Probably aggregate literals are especially useful for initializing. Perhaps in method applications they call for controls (syntax at definition or even at use site akin to named booleans).

rjolly · July 15, 2024, 1:15pm

Note that constructor inference already exists in the case of new:

trait MyFavoriteThing:
  val id: Int
  val metadata: MyFavoriteThing.Whatever

object MyFavoriteThing:
  trait Whatever:
    val salt: String

val x: MyFavoriteThing = new:
  val id = 2
  val metadata = new:
    val salt = "eee"

rjolly · July 15, 2024, 2:01pm

I like the idea:

case class MyFavoriteThing(id: Int, metadata: infer MyFavoriteThing.Whatever)

object MyFavoriteThing:
  case class Whatever(salt: String)

val x: infer MyFavoriteThing = (2, ("eee"))

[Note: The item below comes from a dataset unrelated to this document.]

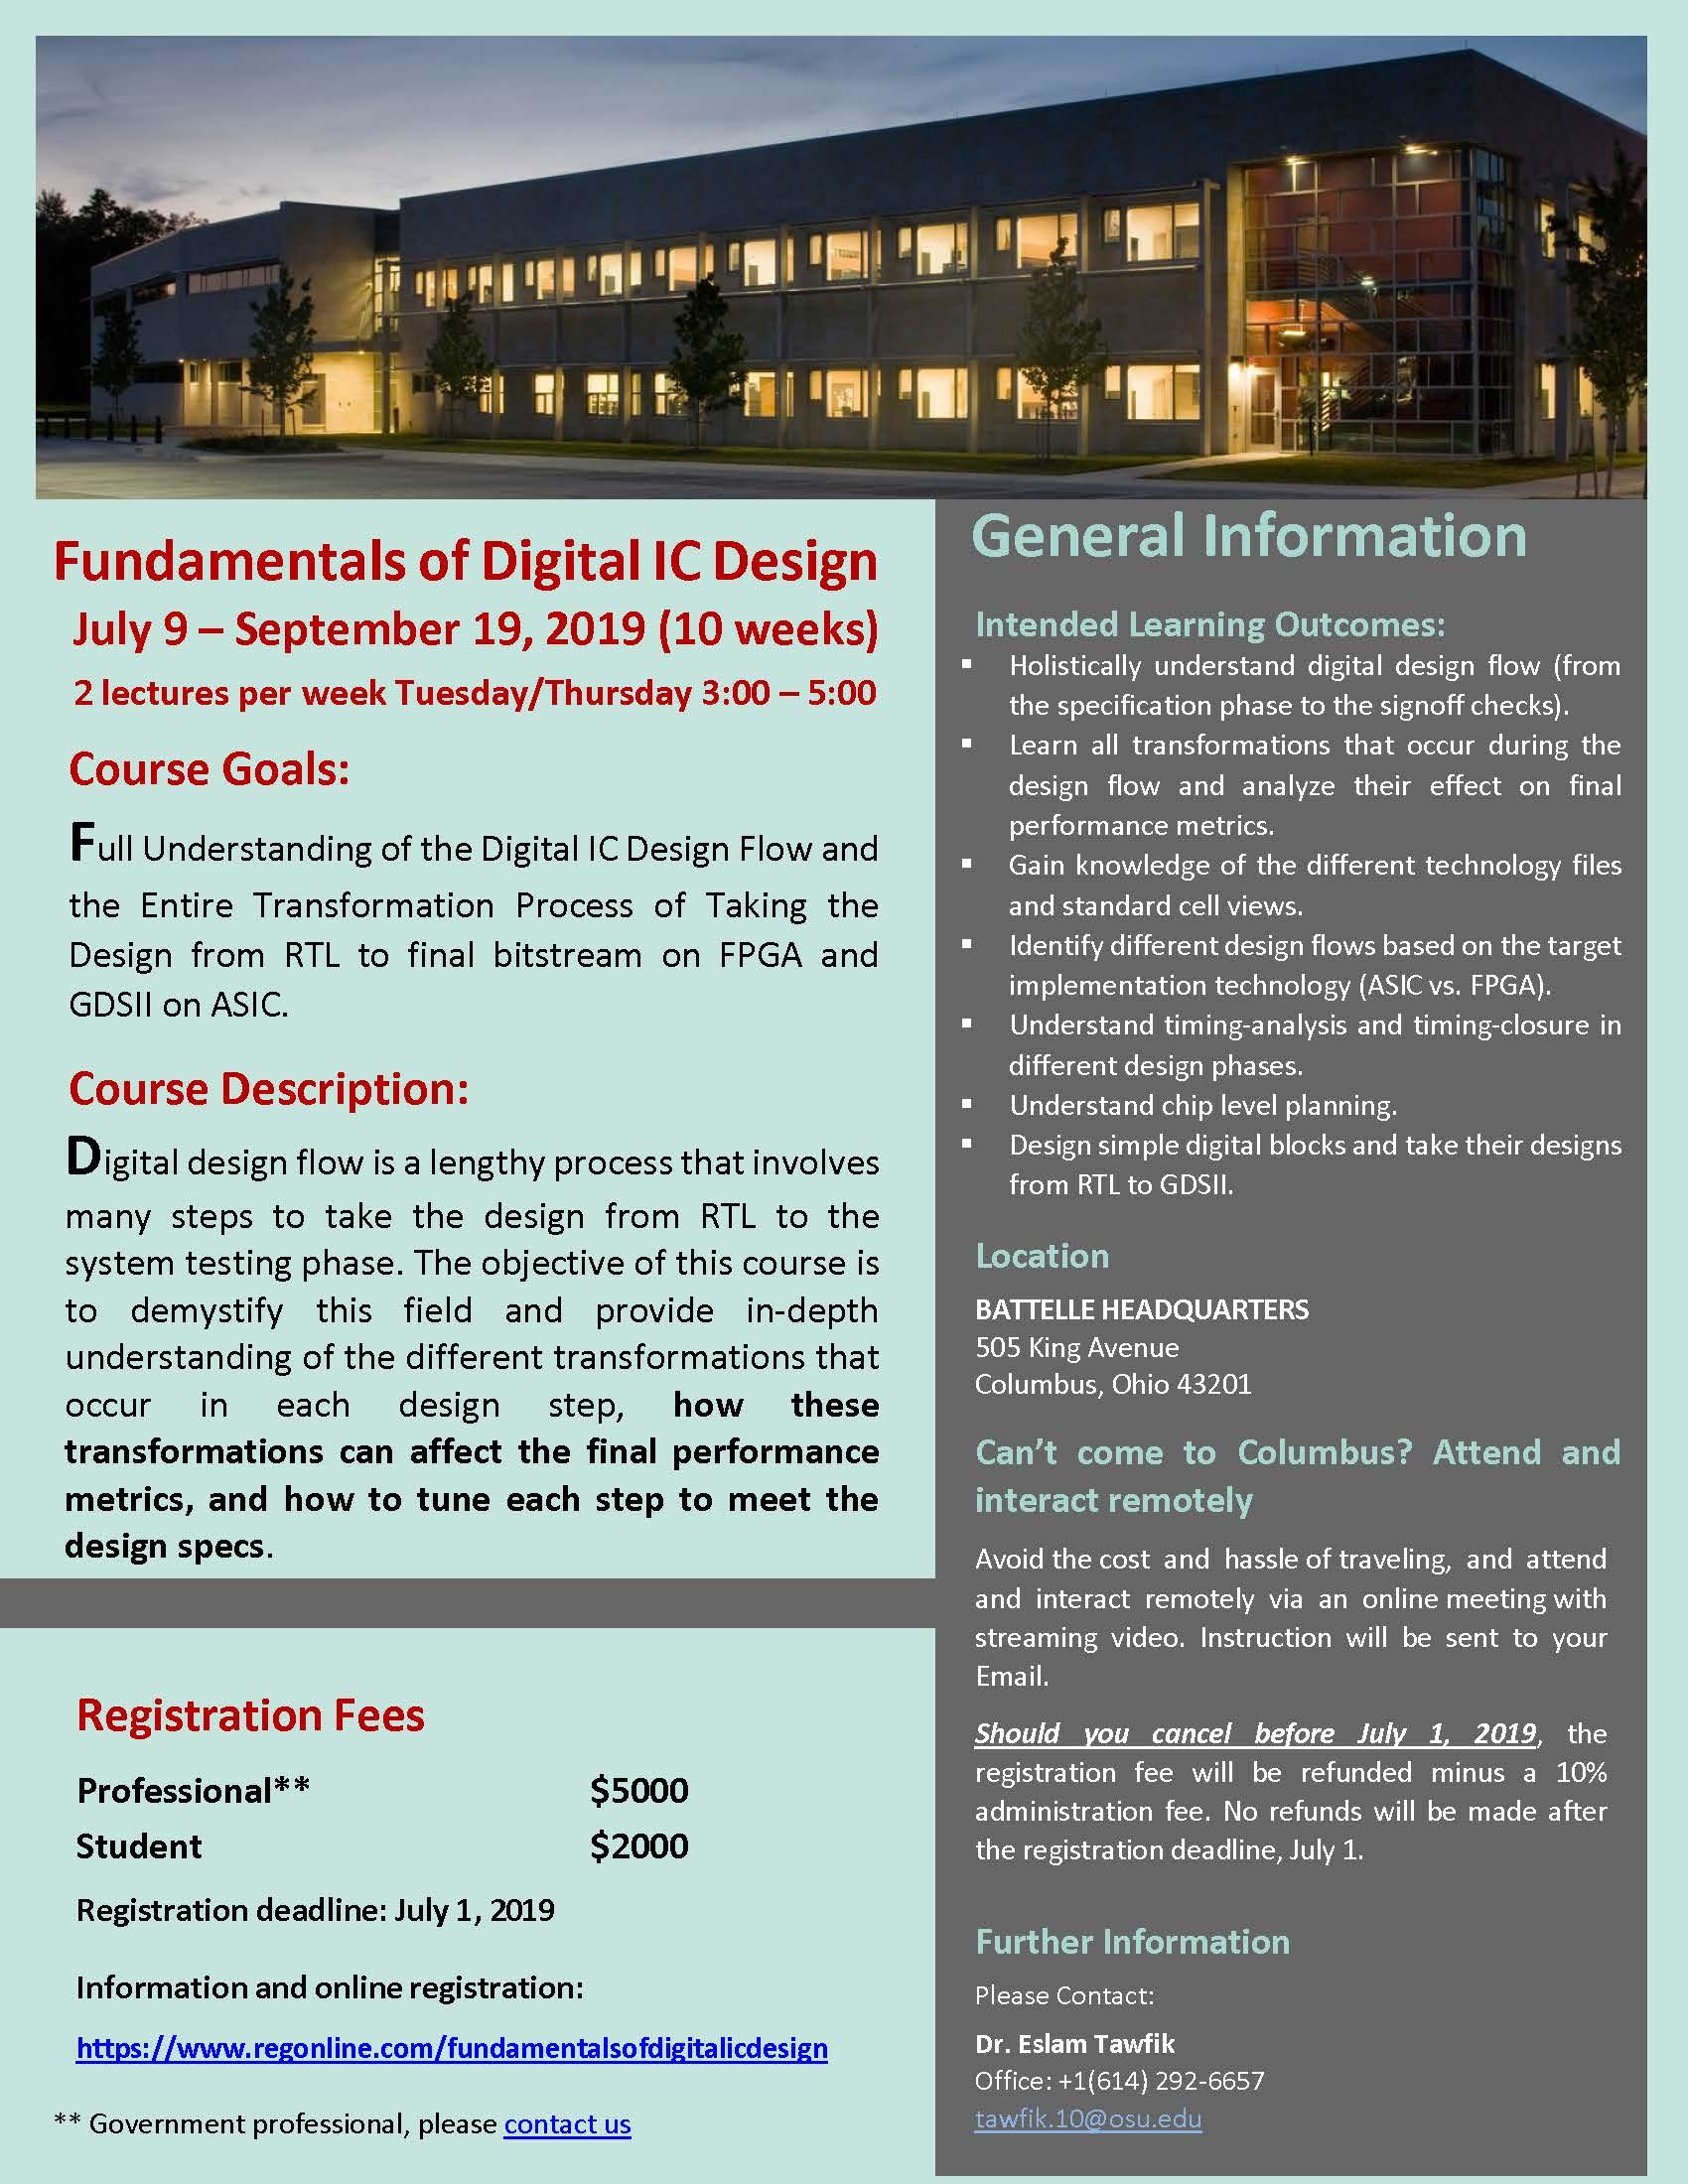 Fundamentals of Digital IC Design - New Course

infer would desugar to into plus a synthetic implicit conversion from tuple to constructor - thus enabling implicit conversion from the declaration site, which will be the norm anyway.

lihaoyi · July 15, 2024, 2:55pm

rjolly:

Note that constructor inference already exists in the case of new:

trait MyFavoriteThing:
  val id: Int
  val metadata: MyFavoriteThing.Whatever

object MyFavoriteThing:
  trait Whatever:
    val salt: String

val x: MyFavoriteThing = new:
  val id = 2
  val metadata = new:
    val salt = "eee"

That’s true! The main issue with constructor inference is that constructors are often not what you want. In Scala, you often want the apply factory method instead: whether to construct collections or to construct case classes. Especially for collections, when initializing them you almost always use apply instead of new, so extending constructor infererence to apply inference may help make the feature a ton more useful

OndrejSpanel · July 15, 2024, 3:50pm

A kind of. What is inferred is a base type for an anonymous class:

class MyFavoriteThing

val x: MyFavoriteThing = new {}

is not the same as:

class MyFavoriteThing

val x: MyFavoriteThing = new MyFavoriteThing

spamegg1 · July 22, 2024, 10:01pm

mberndt · July 22, 2024, 11:53pm

I’d like to write down a few more thoughts about this that have crossed my mind recently. I’ve come to the conclusion that it’s probably overambitious to try and cover the wide range of problems that have been discussed with a single language feature. Instead, we should consider several smaller changes and extensions.

FP fundamentals should just work

As a functional language, Scala should be able to express typical FP idioms as elegantly and concisely and possible. By this I mean code like the following: a prototypical implementation of map:

  extension[A, B](l: List[A]) def map(f: A => B): List[B] =
    l match
      case head :: next => f(head) :: l.map(f)
      case Nil => Nil

(Let’s ignore for now that List already has map and that this is not stack safe). This is the nice, idiomatic functional code that the language is intended for and that we want people to be able to write.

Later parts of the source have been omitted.